By Susanne Retka Schill | August 15, 2011

I grew up on an old-fashioned, diversified small farm in southern Minnesota about 50 miles southwest of Minneapolis. My nephew still farms Pa’s quarter and eighty – and quite a few acres more than that, raising primarily corn and soybeans. I’ve lived in North Dakota over 30 years, but I do make it back home about once a year for a wedding or reunion or some other event.

For the last decade, I can’t help but notice how much the Twin Cities keeps moving out. Every time I’d go home, I’d see new houses being tucked into any spot with trees. Any old farmsteads have long ago been bought up, and either the old farm house restored or a new house built. It’s pretty obvious when the transition has taken place from a working farm to a hobby farm.

This weekend I was driving around my old stomping grounds and I spotted exurban development within eight miles of the farm I grew up on. These are no longer single houses tucked into odd tree stands, but housing developments built on prime farmland. I believe Minnesota has laws in place protecting farmland from the property tax inflation that happens when urbanization moves into farm country. It is still virtually impossible, however, for a farmer to find affordable land to buy.
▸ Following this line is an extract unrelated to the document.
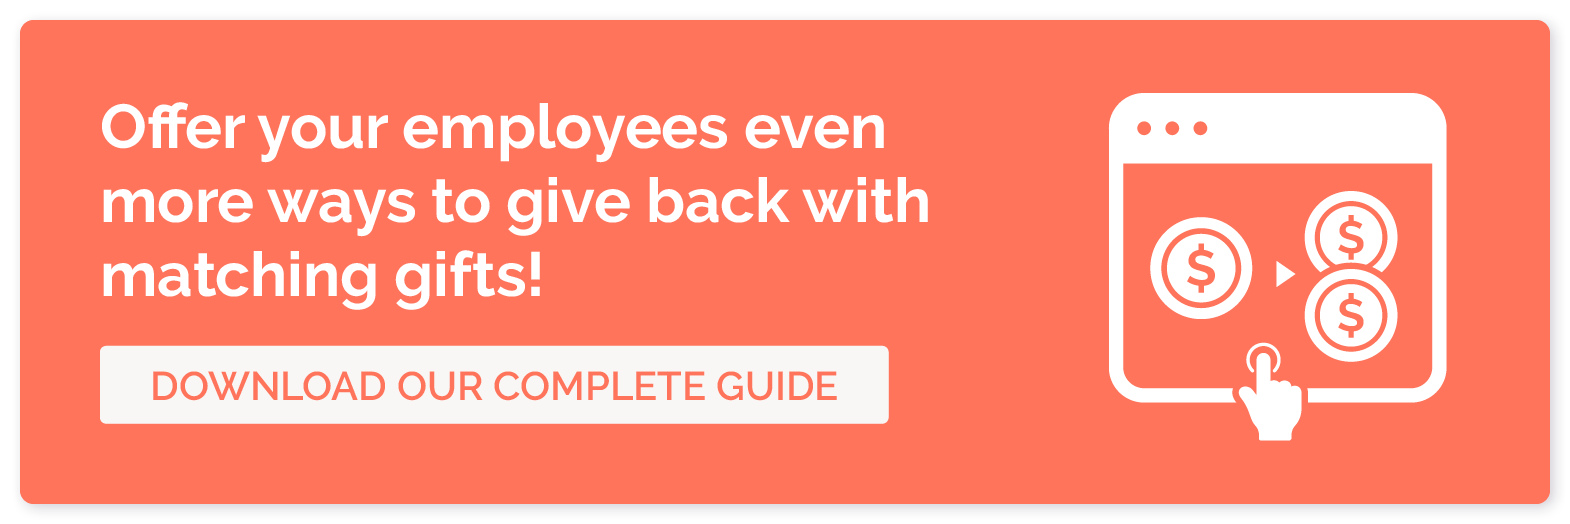 Offer your employees even more ways to give back with matching gifts! Download our complete guide.

Now this isn’t a new story. Urban sprawl has been happening for a century or better. But my question is, where are the people worried about the food versus houses problem? I wonder just what the impact of urban sprawl has been on the nation’s food supply as housing gobbles up farmland. Certainly, I remember truck farms on the western edge of the Twin Cities growing vegetables for the city that are now covered with asphalt and manicured grass. I hear that the immigrants, particularly the Hmong, have become quite the truck gardeners in another corner of the metropolitan area, although finding places where they can grow their gardens is a problem.

I now work in Grand Forks, N.D., which is located in the Red River Valley with its incredibly rich soils. I believe this region ranks with the black soils of the Ukraine as having the most productive agricultural land on earth. There is nary a word written – literally, because I read the local daily newspaper – about the impact on our food supply when yet another field gets converted into housing or some other development. Instead, there’s much celebration of progress.

Some have picked corn-based ethanol as THE evil that must be closely watched to be sure its expansion is halted or slown down, because of all the potential impacts on food and our natural resources. Urban sprawl is probably just as much a threat.